▶ **Task statement**
Once you find the line with "Altbauten, Dorfanger, Alt-Marzahn, Marzahn, Berlin, Deutschland" in the listing below, set down exactly every line from it through the line with "FABRIQUER SON MATERIEL", but no pictures.

▶ **Data in this exercise**
+-------+

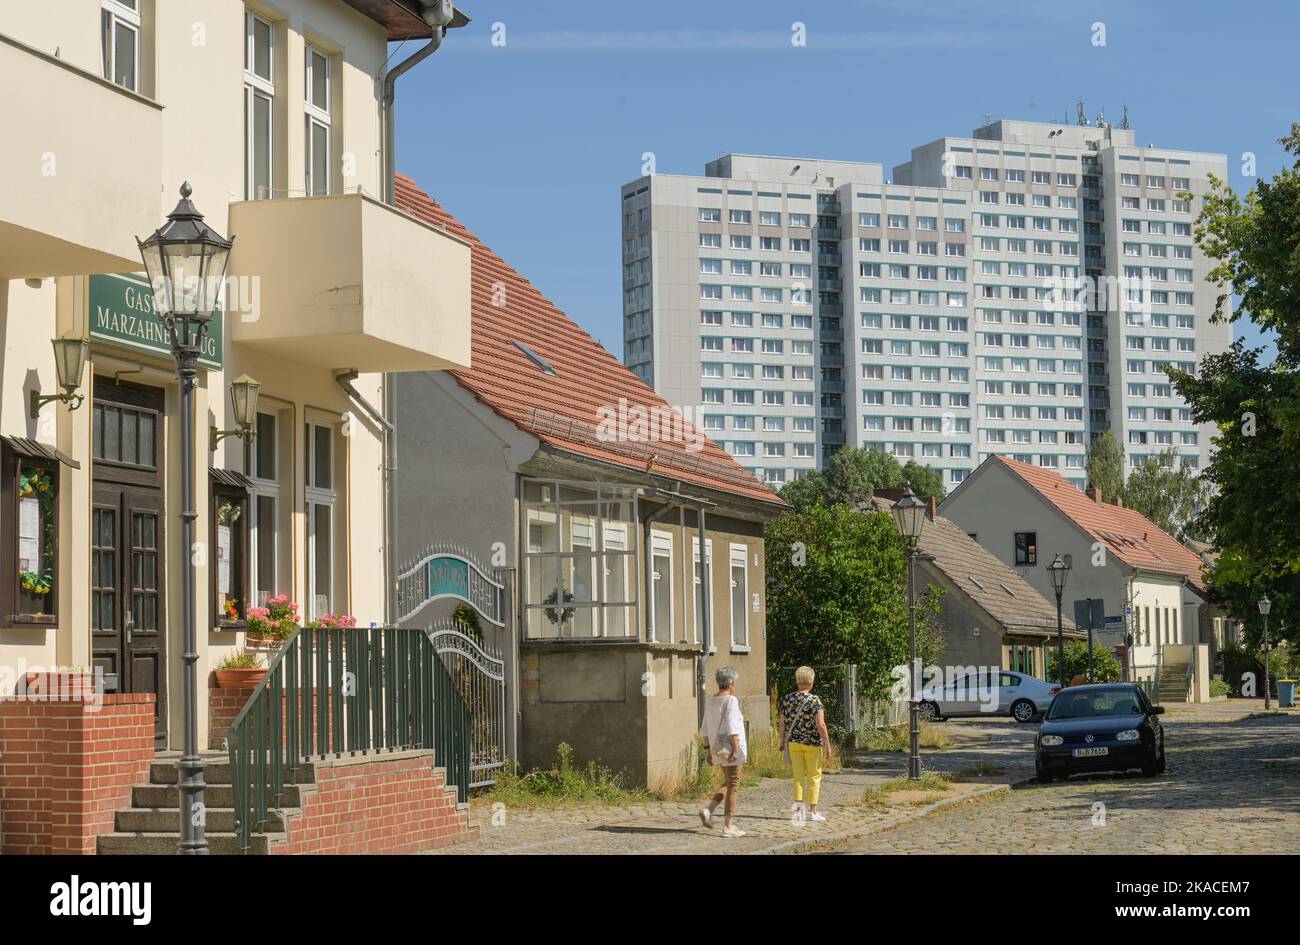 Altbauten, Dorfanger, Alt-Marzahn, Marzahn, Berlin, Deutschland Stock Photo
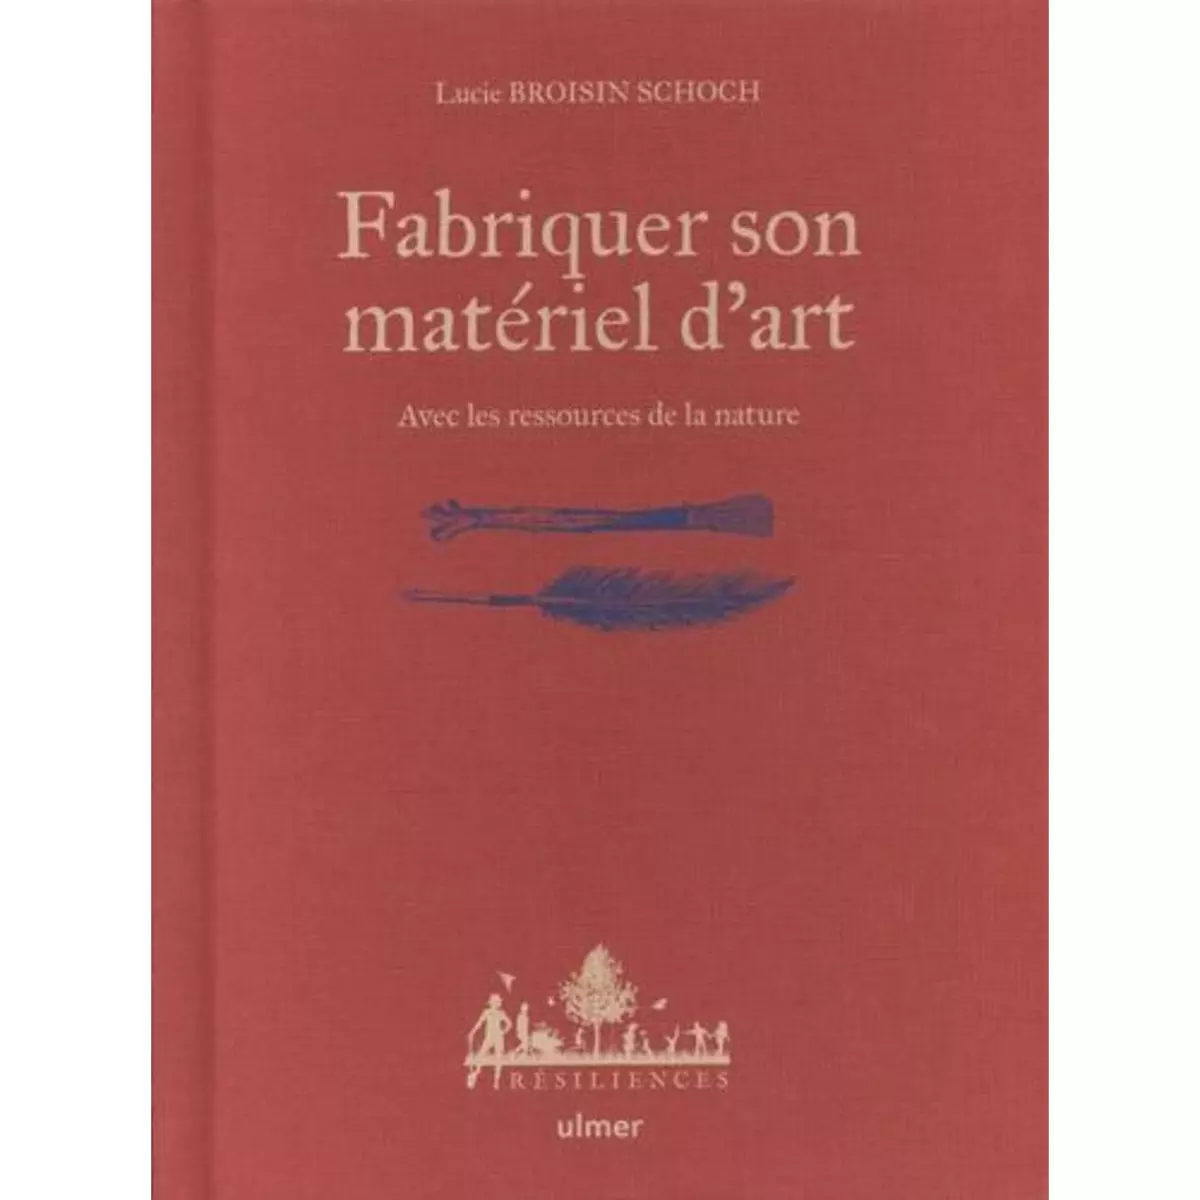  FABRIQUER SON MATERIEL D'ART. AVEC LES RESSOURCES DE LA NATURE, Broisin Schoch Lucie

+-------+

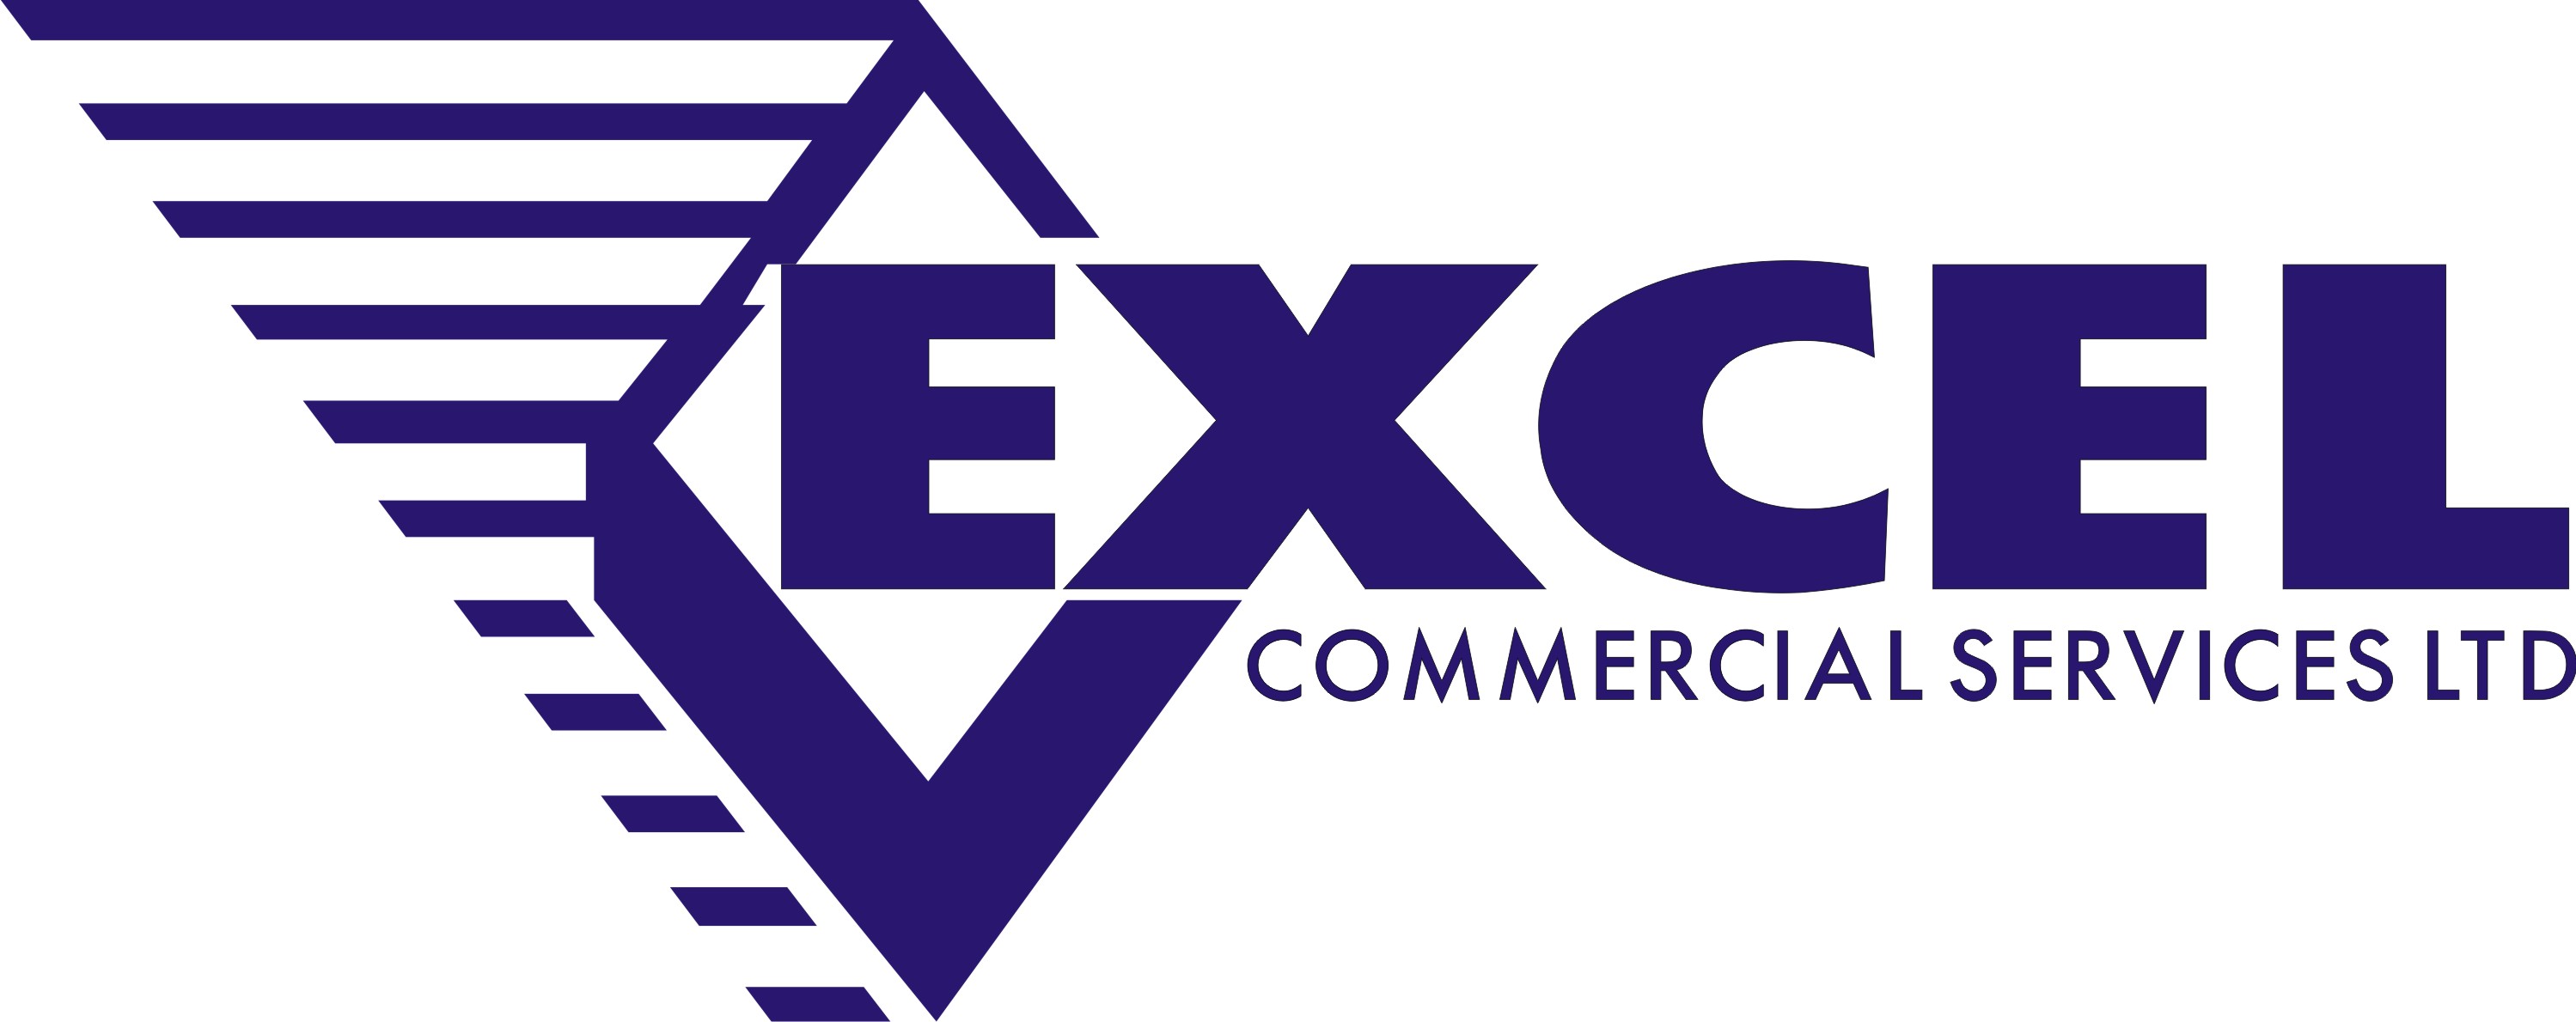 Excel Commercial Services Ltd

+-------+

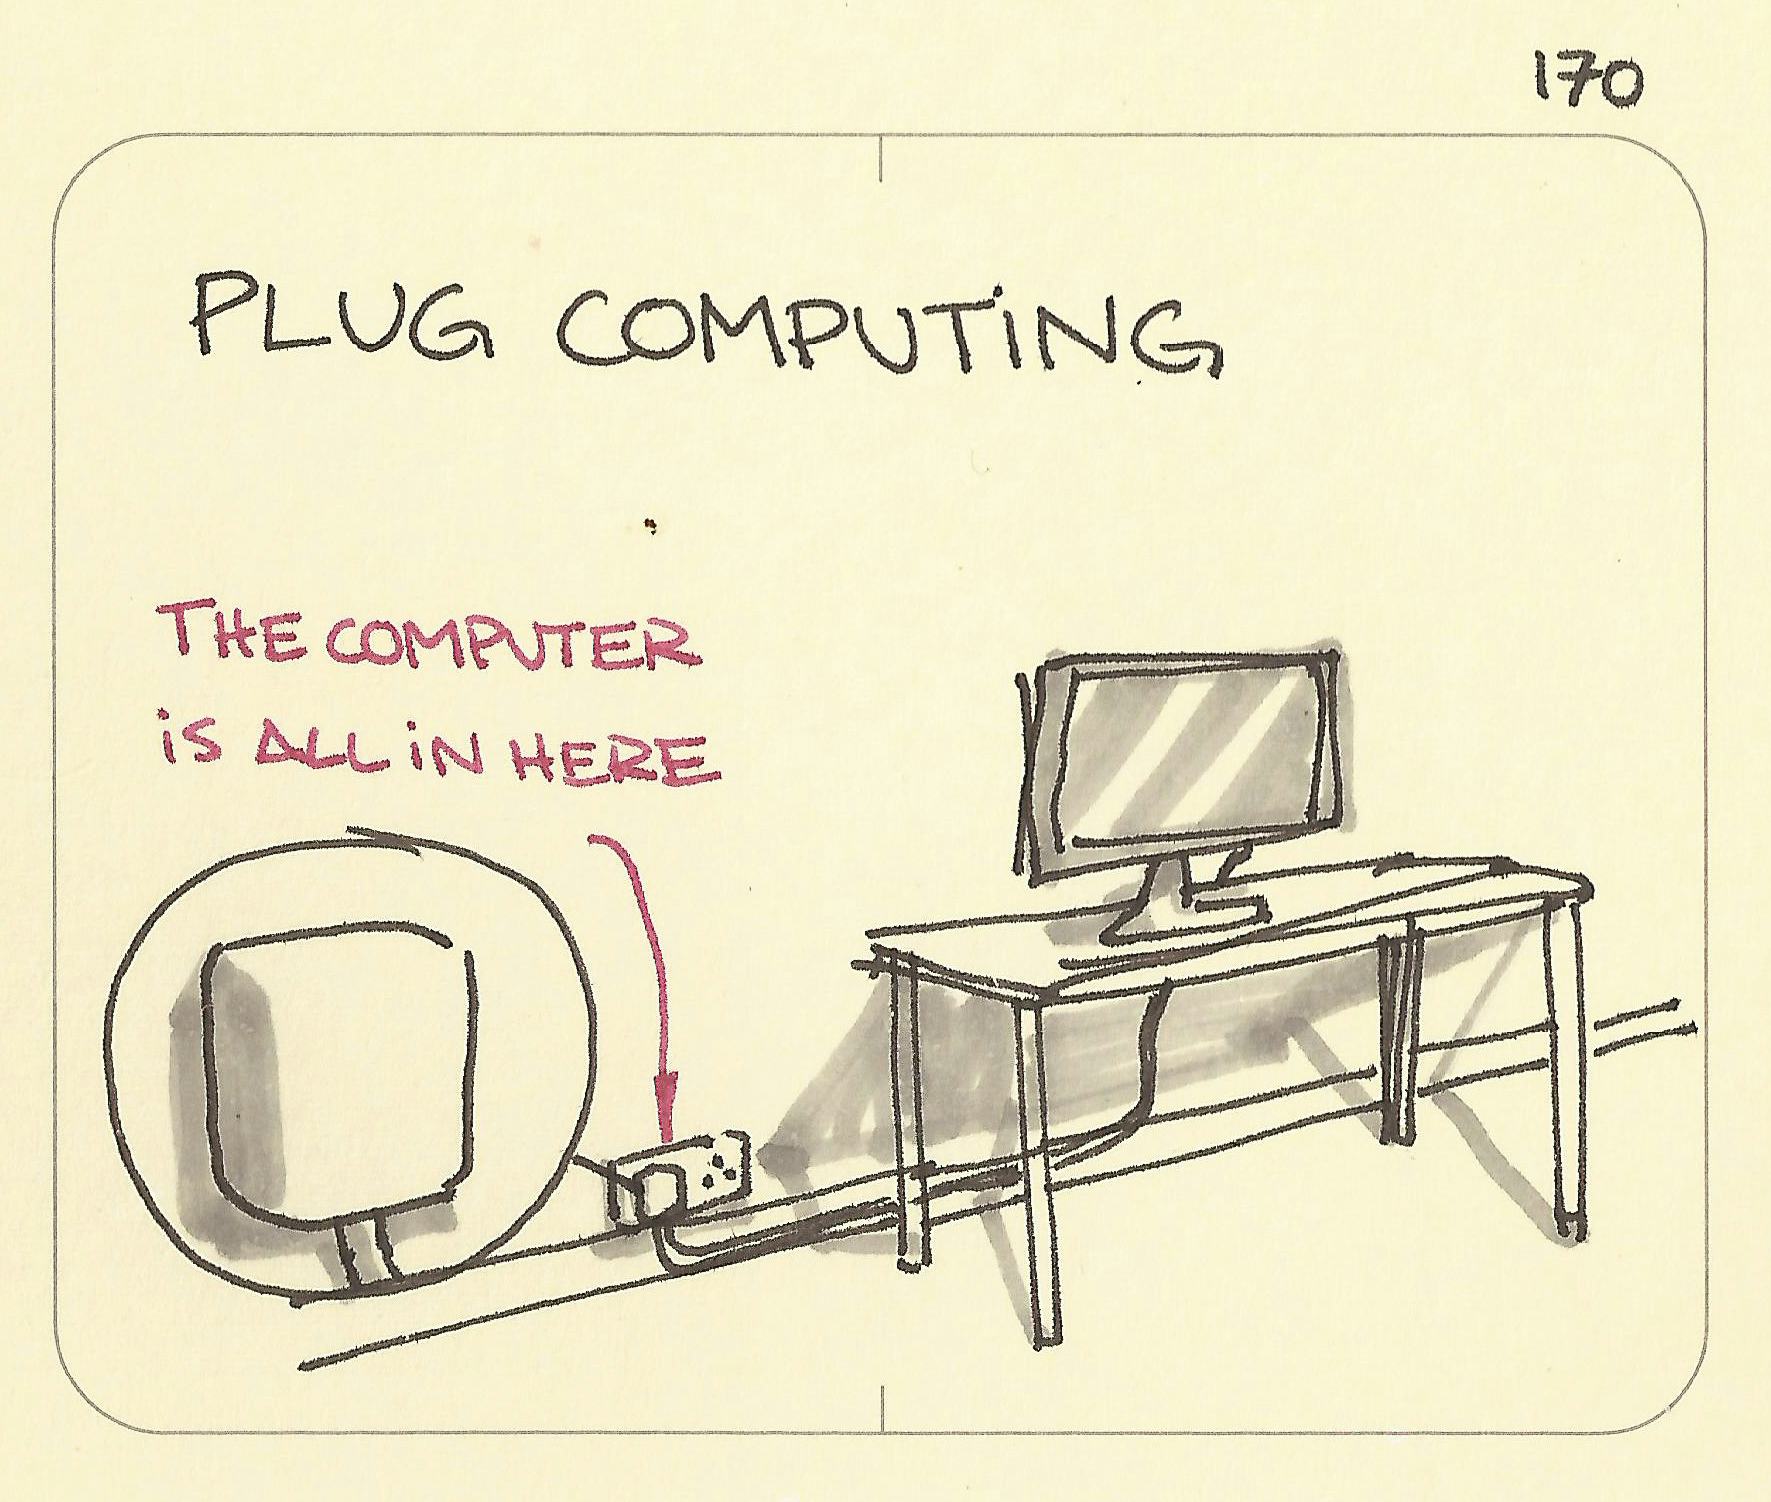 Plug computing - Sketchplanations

+-------+

▶ **Response below**
 Altbauten, Dorfanger, Alt-Marzahn, Marzahn, Berlin, Deutschland Stock Photo
  FABRIQUER SON MATERIEL D'ART. AVEC LES RESSOURCES DE LA NATURE, Broisin Schoch Lucie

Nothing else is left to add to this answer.